Providing Hope Through Land Ownership in Brazilian Communities
The topic of land governance and regularization has been increasingly talked about in Brazil since the passage of a few key statutes in the late 1990s and early 2000s. With growing urban cores all across the country, and the continued development of industry and need for housing for those migrating to these large urban centers, the Brazilian government has become more focused than ever on how informal settlements become legally formalized and their inhabitants protected by the law.
This is the environment that a small team from the legal department at Centro Universitário Ritter dos Reis (UniRitter) stepped into when they entered into an agreement with the municipality of Canoas in 2012, agreeing to help legalize land ownership for local populations. Since it started working in earnest with the community in 2012, the project has grown to include more students, faculty, and staff of the university and continues to benefit thousands in the community.
In Brazil, the government acknowledges that there is a large problem with how people obtain and lay claim to land in the country. It has been a largely informal system that results in many unplanned settlements that strain the economic, environmental, and social capabilities of areas. It is a multi-tiered problem that often hits the socially vulnerable with the most force, as they are sometimes sold land under false pretenses, believing that the sale is legitimate and will result in outright ownership. In reality, it is often a ruse to make a quick profit.
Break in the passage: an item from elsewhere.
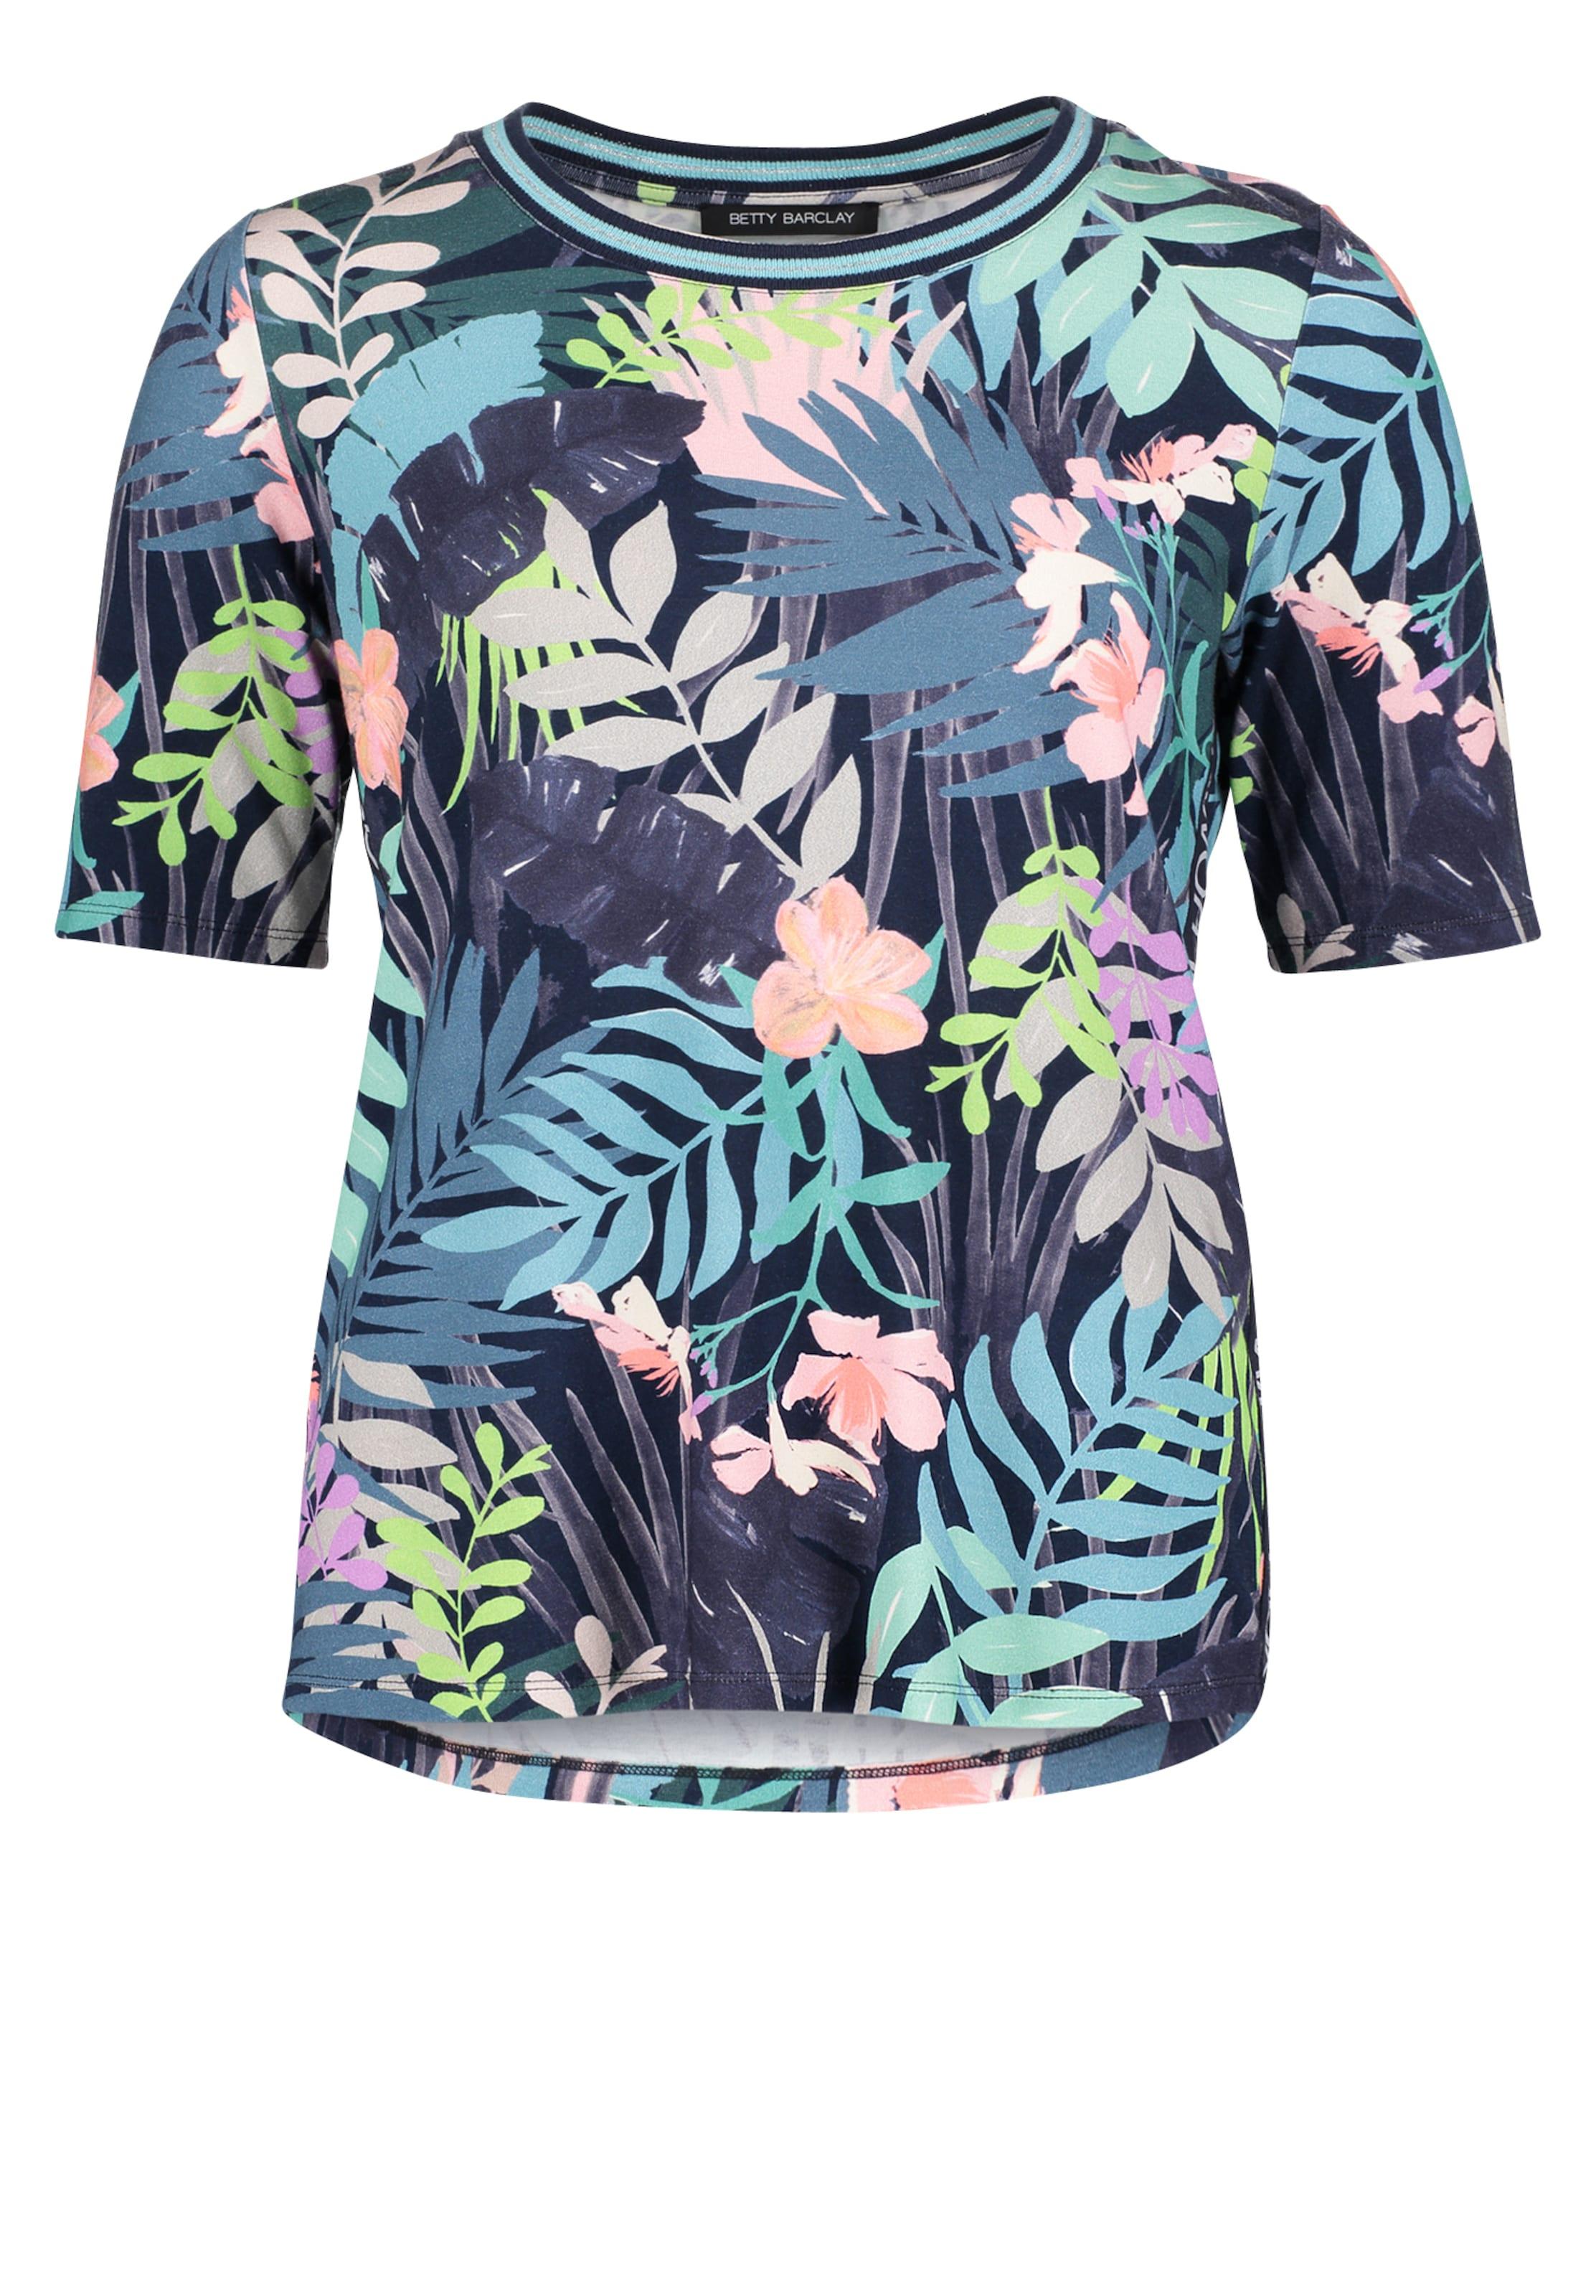 Betty Barclay Barclay NachtblauMischfarben Betty Shirt In In NachtblauMischfarben Betty Shirt Barclay Shirt jAR435L

Or, marginalized populations will migrate to these growing urban centers to find work, but find no housing options that they can afford. They are then forced to make a home in informal, often dangerous settlements with no real hope of ownership of their own space.
In the municipality of Canoas, UniRitter, together with city hall, has been working to rectify these complex problems through a legal and social approach. The project is led by Cibele Gralha Mateus, a professor of law at the institution. Each semester, 12 UniRitter students work five days a week at the city hall of Canoas. They identify cases in the municipality where land regularization can occur, spending time in the community with those who live on land informally, in order to gain official land ownership documentation for families when possible.
Gaining official ownership of a piece of land can transform the life of a family. Families are often forced to squat on pieces of land that sit in dangerous environmental situations, prone to flooding and unsanitary conditions. The title to a piece of land all their own in a safe area can make all the difference in the livelihood of that family. Mateus knows that seeing the effect of legal advocacy and action in a real-life situation is key to her students’ education.
“There is a huge difference for students who take part in the project,” Mateus said. “They learn the theory in class, but in the field, they see how it can change someone’s life.” The project at UniRitter is doing just that, and since 2012, the team has legalized more than 5,000 pieces of land, benefitting over 23,000 people in Canoas. Mateus is a ready advisor to her students, as she has studied and taught land governance issues for much of her legal career.
The program has become a model in the country for this type of work, and many other institutions and municipalities have inquired about how UniRitter has worked in partnership with the community on these regularizations. Through their daily progress in helping the most socially vulnerable in their community, UniRitter and their students are giving Brazilian families a new lease on life through land ownership.